We are aiming to construct a web-based platform (API, Servers, Data, Wahoo!). For context, suppose we have to build something similar to twitter, however with your comments ought to (tweets) organized around an active event. Details about the live event itself should be shipped to clients as quickly and consistently as you possibly can, while comments concerning the event can most likely wait a little longer to become shipped. We'll be read-heavy following the live event finishes.

Scalability is essential. You want to begin leasing VPS slices, and scale after that. I am a large fan from the cloud, and want to remain there as lengthy as you possibly can. We'll most likely be utilising ruby.

I am believing that I wish to consider using a document store rather than an RDBMS. I like the thought of schema-less storage and also the promises of simpler scalability by concentrating on key-value.

The issue is I'm not sure which technology is easily the most right for our platform. I have checked out Couch, Mongo, Tokyo, japan Cabinet, Cassandra, as well as an RDBMS with blobbed documents. Any help choosing the right tool with this particular job?
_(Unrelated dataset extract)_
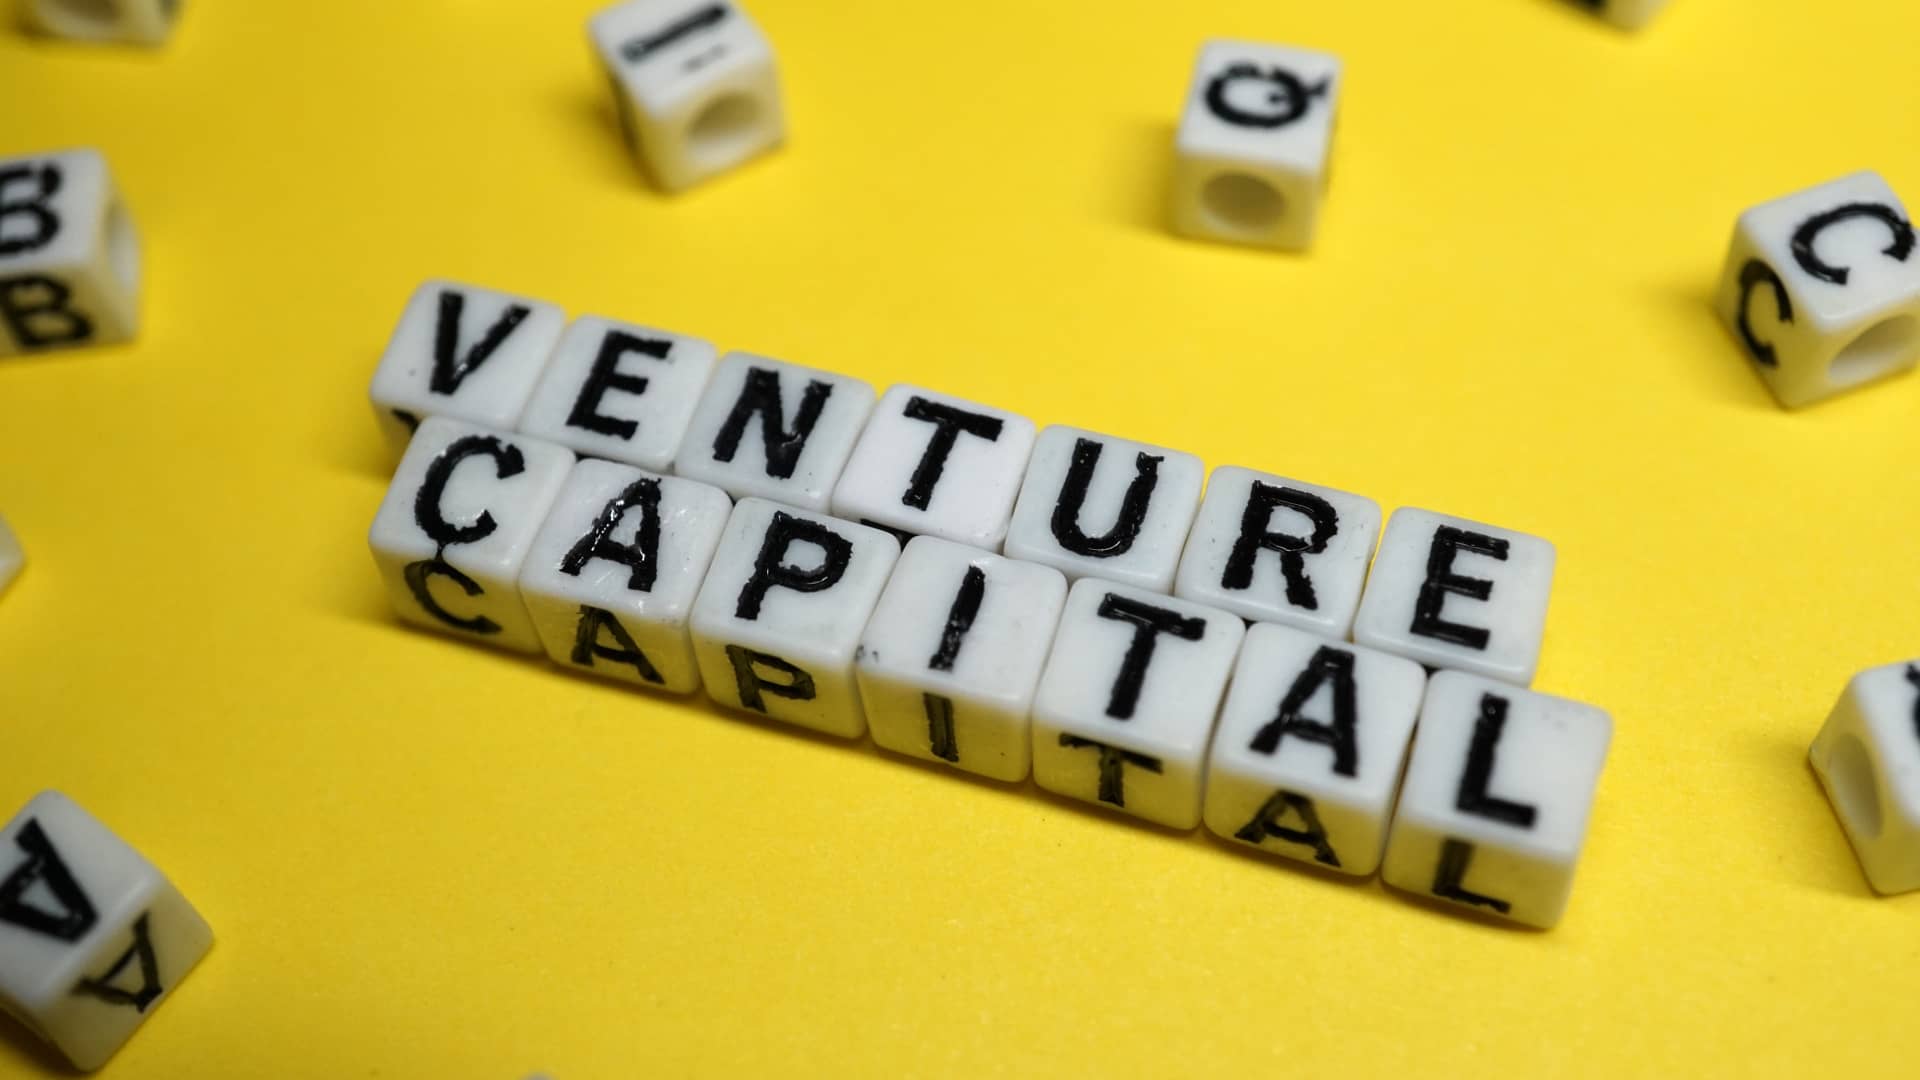 ¿Qué es venture capital? Ventajas y desventajas

Checkout no SQL options comparison by BJ Clark.

Scalability is essential.

You will want to think about the excerpts from his blog:

  1. Tokyo, japan Cabinet - Does not scale
  2. Redis - Does not scale
  3. Project Voldemort - scales
  4. MongoDB - limted (sharding is been implemented)
  5. Cassandra - scales
  6. Amazon . com S3 - scales
  7. Couch - Does not scale (Clustering &lifier replication)
  8. MySQL - Does not scale

And consider HyperTable. This is a significant contender in No-SQL options. This is an free implementation of Google's BigTable concept. In my opinion it scales mainly because it's extensively utilized by china internet search engine Baidu and entertainment portal Rediff.

You had been saying:

Details about the live event itself should be shipped to clients as fast and consistently as you possibly can, while comments concerning the event can most likely wait a little longer to become shipped. We'll be read-heavy after the live event finishes.

This really is something similar to Twitter's approach. Your programming language selection can also be extremely important, because Twitter initially opted for Ruby for back-finish message delivery but they were saying it isn't a proper choice and they've moved the whole message delivery system towards the Scala language.

They're still using Ruby for his or her front-finish. If you wish to opt for a very reliable, fault tolerant system that's perfect for scalable conditions, then you should look at Scala or Erlang.

Ramesh includes a good summary. I'd include that Cassandra includes a more potent data model than vanilla Dynamo clones (like Voldemort or Dynomite): rows with named, sorted posts as opposed to just key/value. Cassandra has been utilized by Twitter, Mahalo, Ooyala, SimpleGeo, WebEx, yet others (http://n2.nabble.com/Cassandra-customers-survey-td4040068.html), a minimum of most of which are running Cassandra groupings on EC2 or rackspace cloud servers.

If you wish to scale flat (distribute your computer data over several node) you need to go ahead and take CAP theorem into consideration.

http://www.julianbrowne.com/article/viewer/brewers-cap-theorem

It's not easy stuff but you need to choose, there's always some type of downside.